At such a time as this, one wonders where to turn for language to help commemorate and reckon with his retirement. One tries to imagine a Gordon without him, and one remembers his important directives: Stevick, go to grad school; get your language requirement done; try radio; teach my oral interp class; apply for the position here; marry her, don’t wait too long; don’t wait too long—children are a blessing. These, too, Stine will say. How to gather the fruit of all that into words at once true and lovely? To quote usefully, “language staggers here”—or stumbles: at least mine does. Plus I’m afraid I’ll blub or do something ridiculous—
—because this spring I find myself toggling between “Stop all the clocks—Mark Stevick, are you grieving over Peter Stine soon leaving?” and what that means for us, for me in my 44th year to heaven—
—toggling between that and lines by Wordsworth, unveiled by Stine in his class:
Though nothing can bring back the hour
Of splendor in the grass, of glory in the flower,
We will grieve not, rather find
Strength in what remains behind;
In the primal sympathy
Which having been must ever be;
In the soothing thoughts that spring
Out of human suffering;
In the faith that looks through death,
In years that bring the philosophic mind.
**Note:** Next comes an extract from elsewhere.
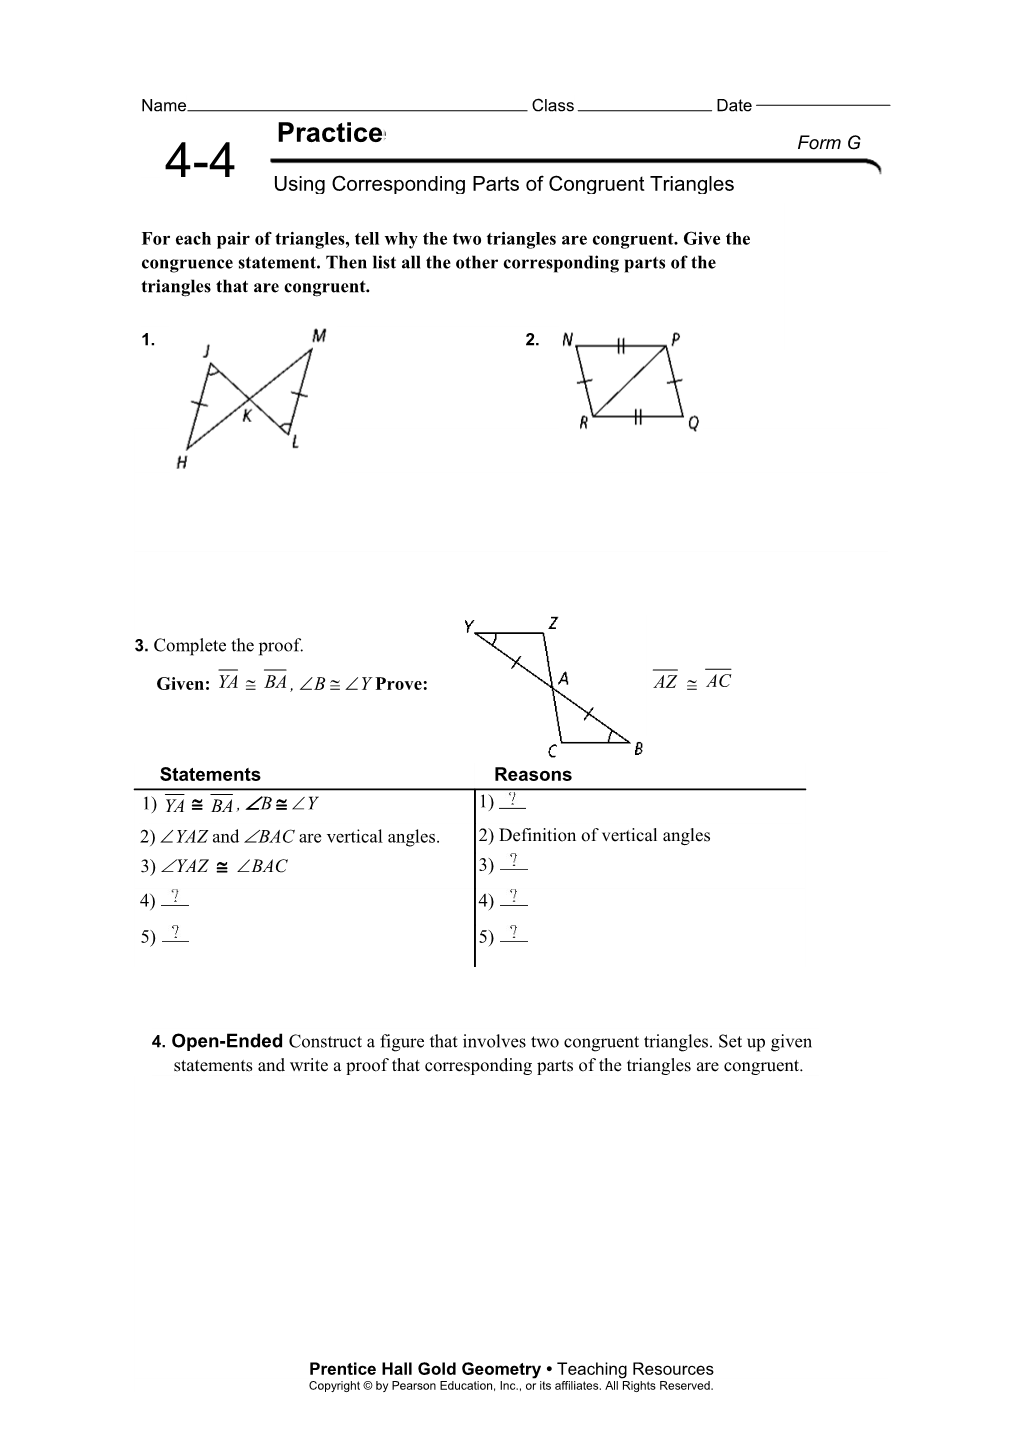 Using Corresponding Parts of Congruent Triangles

Perhaps Peter is finding Wordsworth was right. Through God’s grace and Sue’s kidney, I trust he’ll continue to find strength in and among his loves: family, friends and students; reading, writing, performing (from these may there be no severing)—and, next summer, traveling back to England to lead a 10-day literary excursion. The aged eagle’s wings have plenty of spread left in them.
And though much is taken, much abides at Gordon after Stine. Innumerables. For starters, two essential courses in the English department, Nobel Prize winners and African Literature; a theatre major and a black box theatre with a plaque bearing his name; and most notably, row upon row of alumni, I among them, whose lives have borne out another of his sayings—that with a liberal arts degree, especially in English, you can think and write and speak well, so you can do anything.
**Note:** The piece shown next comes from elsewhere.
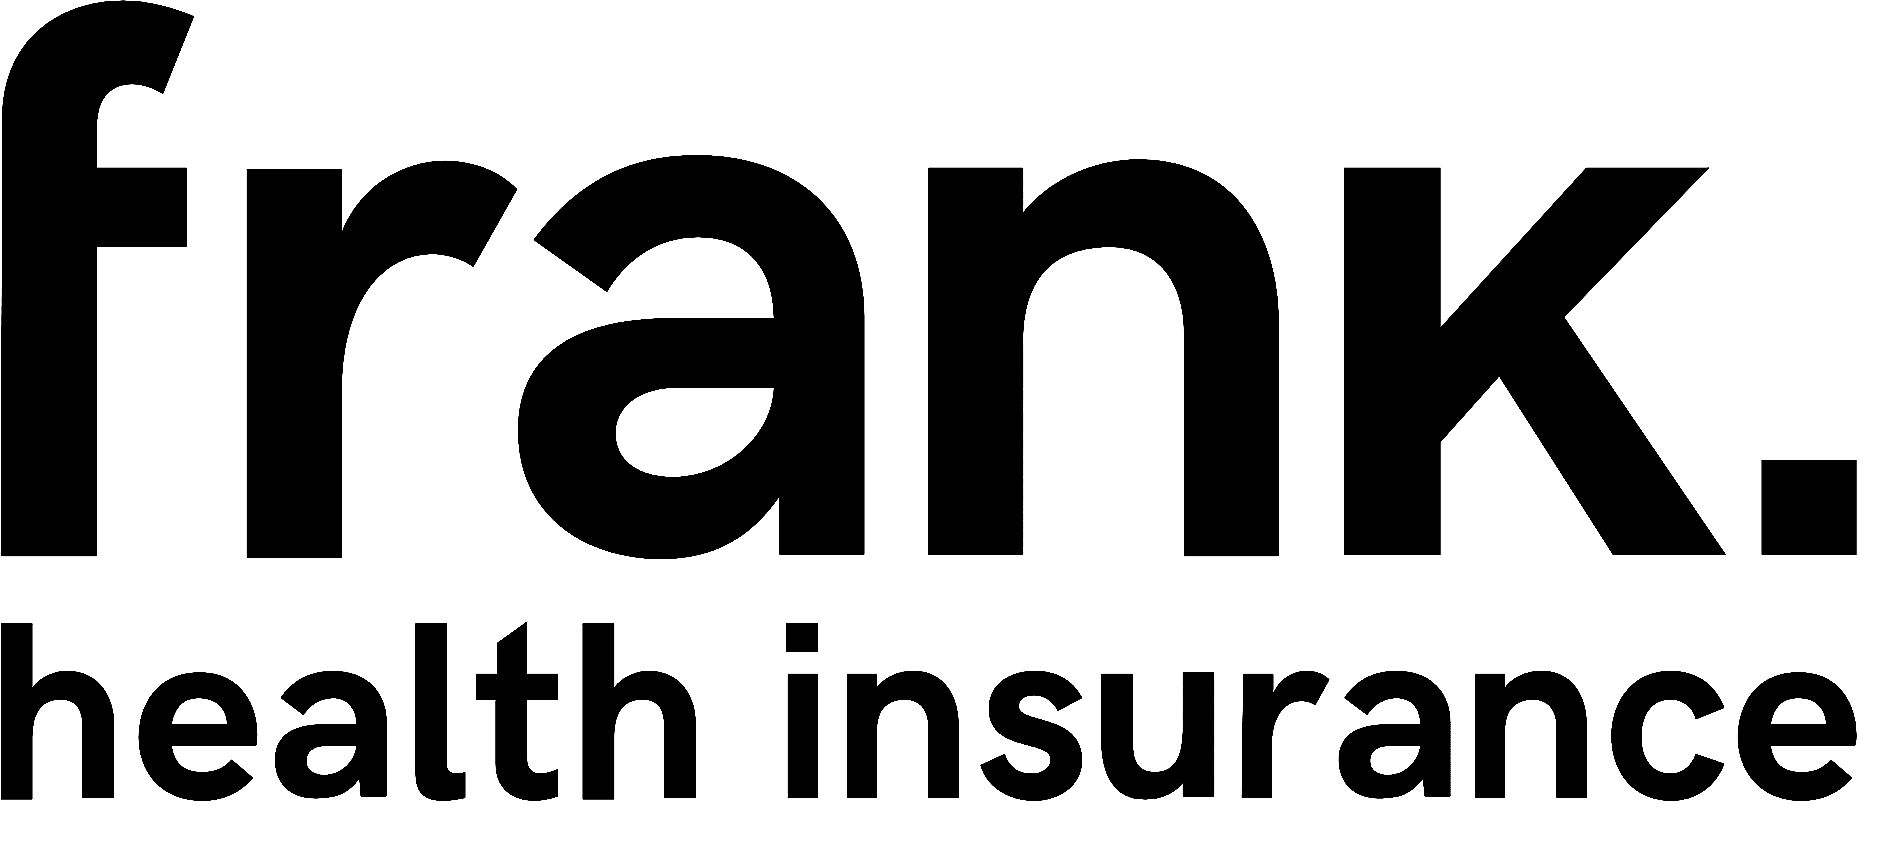 Frank health logo

Some would say, about a legacy like that, “Well done, good and faithful servant.”
What would Peter Stine say about it?
“Not bad.”
Here’s to my professor, colleague and friend, Peter W. Stine.
-Delivered at Peter Stine’s retirement dinner in 2008. He passed away August 5, 2011. We carry stones, and pile them on his.
Thanks for posting this Mark. It would take a whole choir of my voices to reach the volume and measure of Stine’s – and a divine gift to tell of his life as you do.